Hibbertia bicarpellata

Scientific classification
- Kingdom: Plantae
- Clade: Tracheophytes
- Clade: Angiosperms
- Clade: Eudicots
- Order: Dilleniales
- Family: Dilleniaceae
- Genus: Hibbertia
- Species: H. bicarpellata
- Binomial name: Hibbertia bicarpellata Toelken

= Hibbertia bicarpellata =

- Genus: Hibbertia
- Species: bicarpellata
- Authority: Toelken

Species of flowering plant

Hibbertia bicarpellata is a species of flowering plant in the family Dilleniaceae and is endemic to northern Queensland. It is a shrub with hairy, ridged branches, elliptic leaves and yellow flowers arranged singly in leaf axils, with twenty to twenty-six stamens arranged in groups around the two carpels.

==Description==
Hibbertia bicarpellata is a shrub that typically grows to a height of 1.5 m, its branches with ridges from below the leaf bases, and its branches and leaves covered with rosette-like bundles of hairs.
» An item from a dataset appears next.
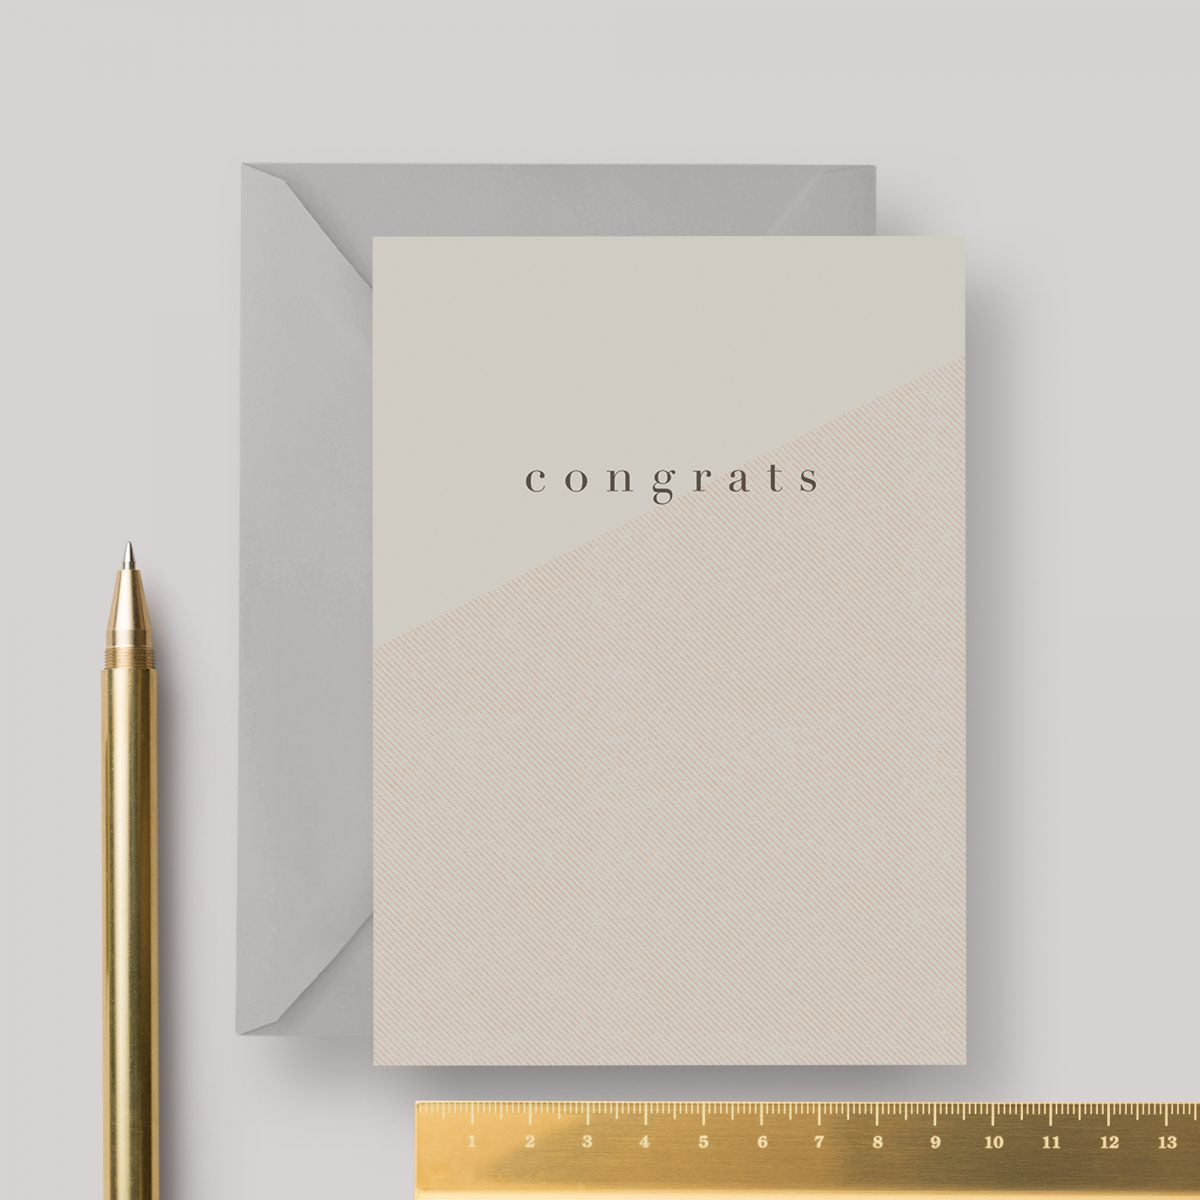 Congrats Congratulations A6 greeting card with grey envelope

The leaves are elliptic, 20–45 mm long and 8–15 mm wide on a petiole 0.5–2 mm long. The flowers are arranged singly in leaf axils on a stiff peduncle 4.4–7.5 mm long, with linear to lance-shaped bracts 3.5–5 mm long. The five sepals are joined at the base, the three outer sepal lobes 7–10 mm long and the inner lobes 5.6–6.6 mm long. The five petals are egg-shaped with the narrower end towards the base, yellow, 6.8–9.6 mm long and notched at the tip. There are twenty to twenty-six stamens arranged around the two carpels, each carpel with four ovules. Flowering occurs from February to September.

==Taxonomy==
Hibbertia bicarpellata was first formally described in 2010 by Hellmut R. Toelken in the Journal of the Adelaide Botanic Gardens from specimens collected by Richard Schodde in the Moomin Forest Reserve in 1963. The specific epithet (bicarpellata) means "two carpelled", referring to the difference between this species and Hibbertia melhanioides, in which this species was previously included.

==Distribution and habitat==
This hibbertia usually grows in forest and is found on parts of the Atherton Tableland in northern Queensland.

==Conservation status==
Hibbertia bicarpellata is classified as of "least concern" under the Queensland Government Nature Conservation Act 1992.